August 2, 2019
New research by Los Angeles-based CBRE shows multifamily turnover, the percentage of total rented units not renewed each year, fell to 47.5% in 2018, its lowest level in at least two decades. The trailing four-quarter rate for major REITs, declined to 50.1% in Q1 from 51.8% a year earlier.
CBRE’s Jeanette I. Rice, Americas Head of Multifamily Research, wrote, “Lower turnover rates are generally interpreted as positive for the industry and a sign of favorable market strength at this point in the cycle. Turnover rates vary considerably by metro. Higher rates are typically found in the South and West.”
The six major multifamily REITs provide further evidence of this trend, notes CBRE. Five recorded lower turnover rates in Q1 2019 than the prior year. For AvalonBay, Camden, Equity Residential, MAA and UDR, the average annualized Q1 rate fell by two percentage points to 42%. Essex was the exception with a 1-point rise to 41.0%.
Rice points out the benefits of lower turnover rates generally outweigh disadvantages. Turnover hurts a property due to loss of rent while the unit is vacant, possible rent concessions needed to re-lease the unit, and “make-ready” expenses. On the other hand, higher turnover can be advantageous during periods where the market (or product segment) is achieving better-than-average rent growth.
More recently, rent gains have moderated, so high occupancy is one major driver of lower turnover now, notes CBRE. Through the 2010s, turnover decline has also come from the aging of apartment residents, mainly as a result of younger individuals staying in multifamily housing for longer periods, and new older Americans coming into the rental market. Additionally, older residents tend to move less often than younger ones, points out Rice. “The recent turnover decline, concurrent with the large amount of new multifamily supply each year, is a sign of market strength,” wrote Rice.

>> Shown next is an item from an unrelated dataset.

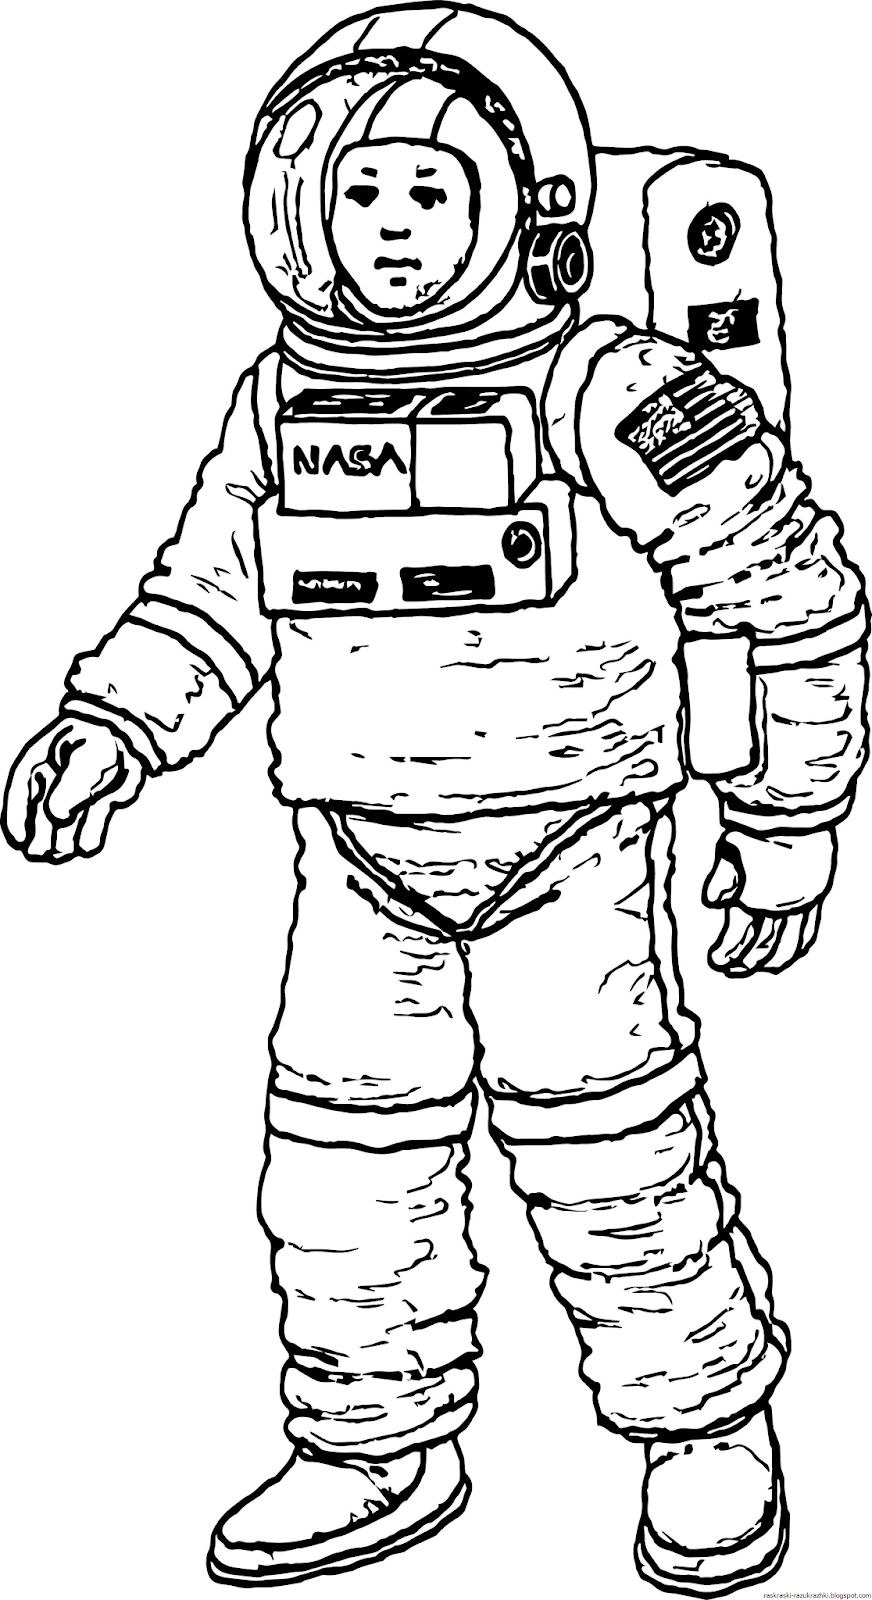 Как нарисовать космонавта в космосе. Космонавт раскраска для детей. Раскраска про космос и Космонавтов для детей. Космонавт рисунок. Рисунок Космонавта в скафандре для детей.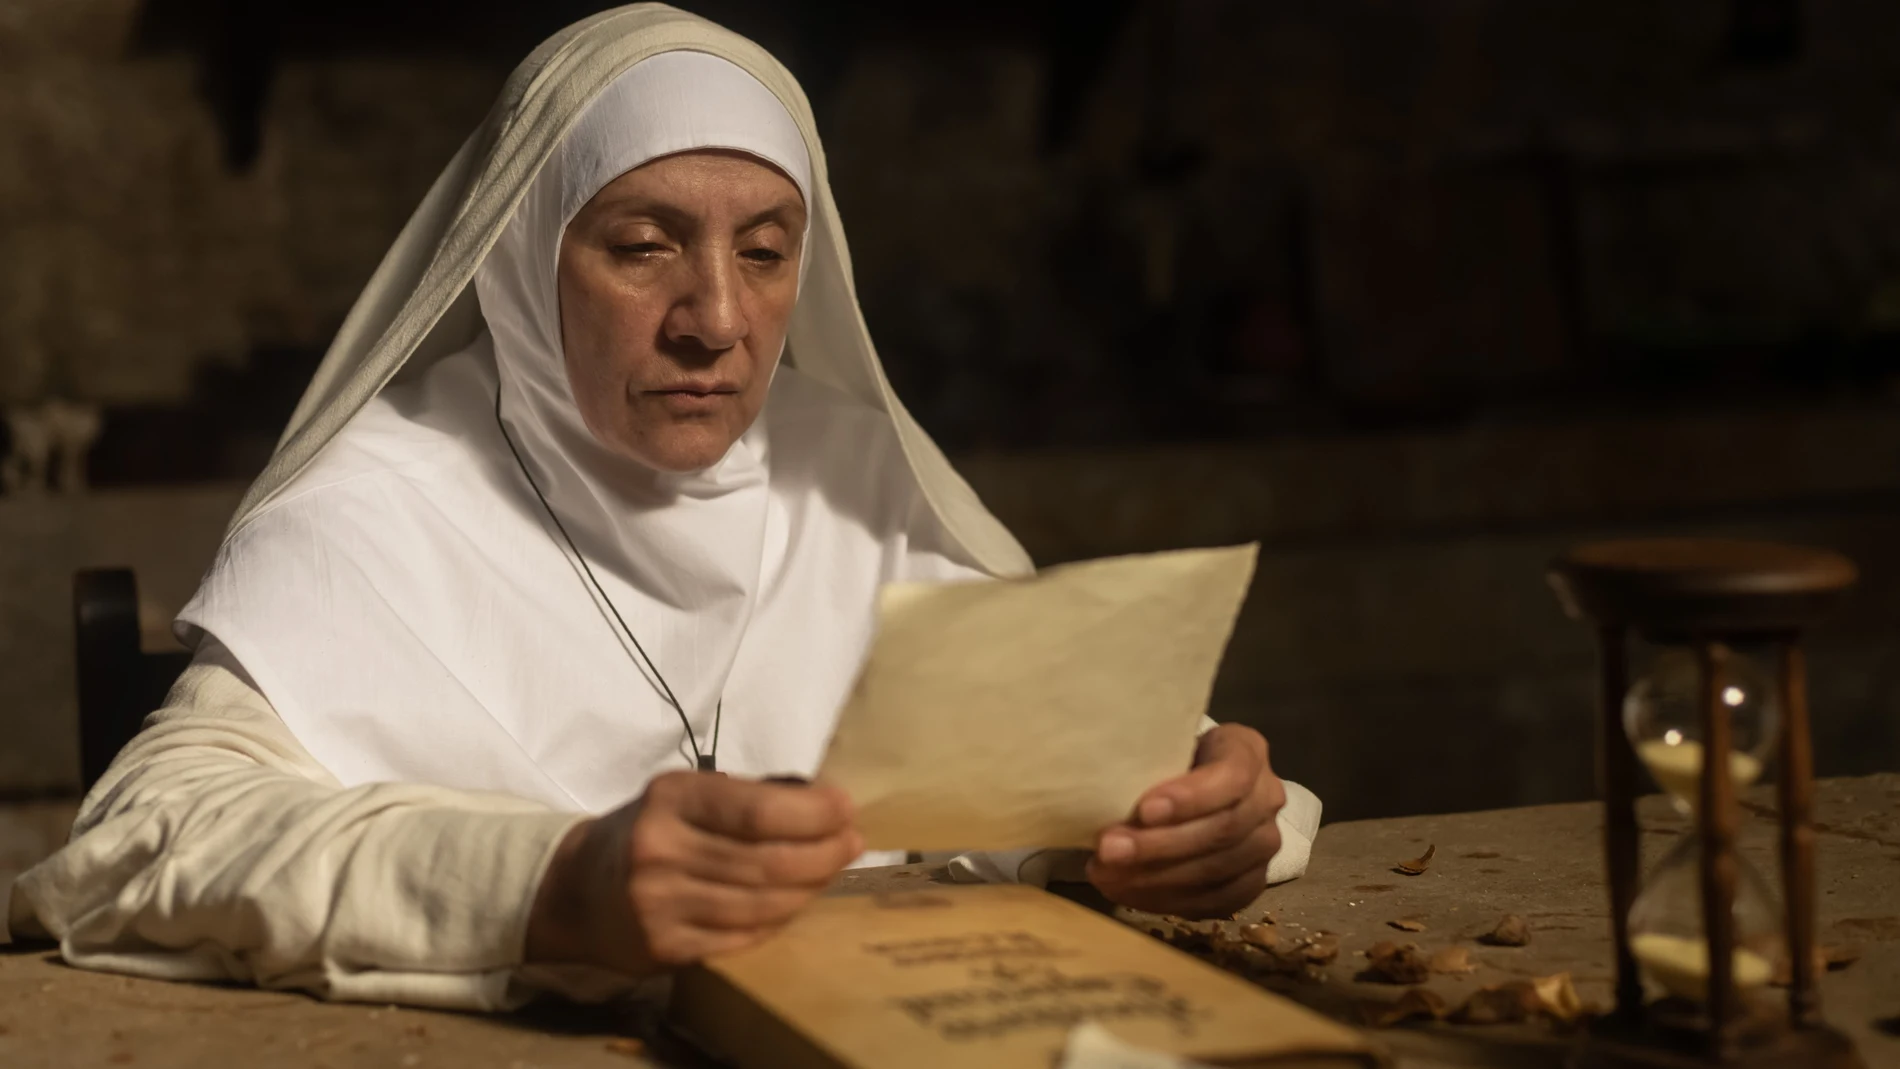 Blanca Portillo en "Teresa", la nueva película de Paula Ortiz sobre la vida de la santa

Residents vacate apartments at much lower rates in the fall and winter months. The highest levels of turnover typically occur in Q2 and Q3. For multifamily REITs, Q1 has the lowest turnover and Q3 the highest almost every year, reports CBRE.
Among 50 metros analyzed, Milwaukee and Northern New Jersey tied for the lowest 2018 turnover rate of 38.1%, followed by Providence (38.7%), Miami (39.4%), St. Louis (40.5%), Philadelphia (41.1%), Cleveland (41.2%), New York (41.4%) and Minneapolis (42.8%).
Salt Lake City and San Antonio had the highest turnover rates at 53.7% and 53.6%, respectively. Other metros with high turnover included San Diego, Charlotte and Phoenix.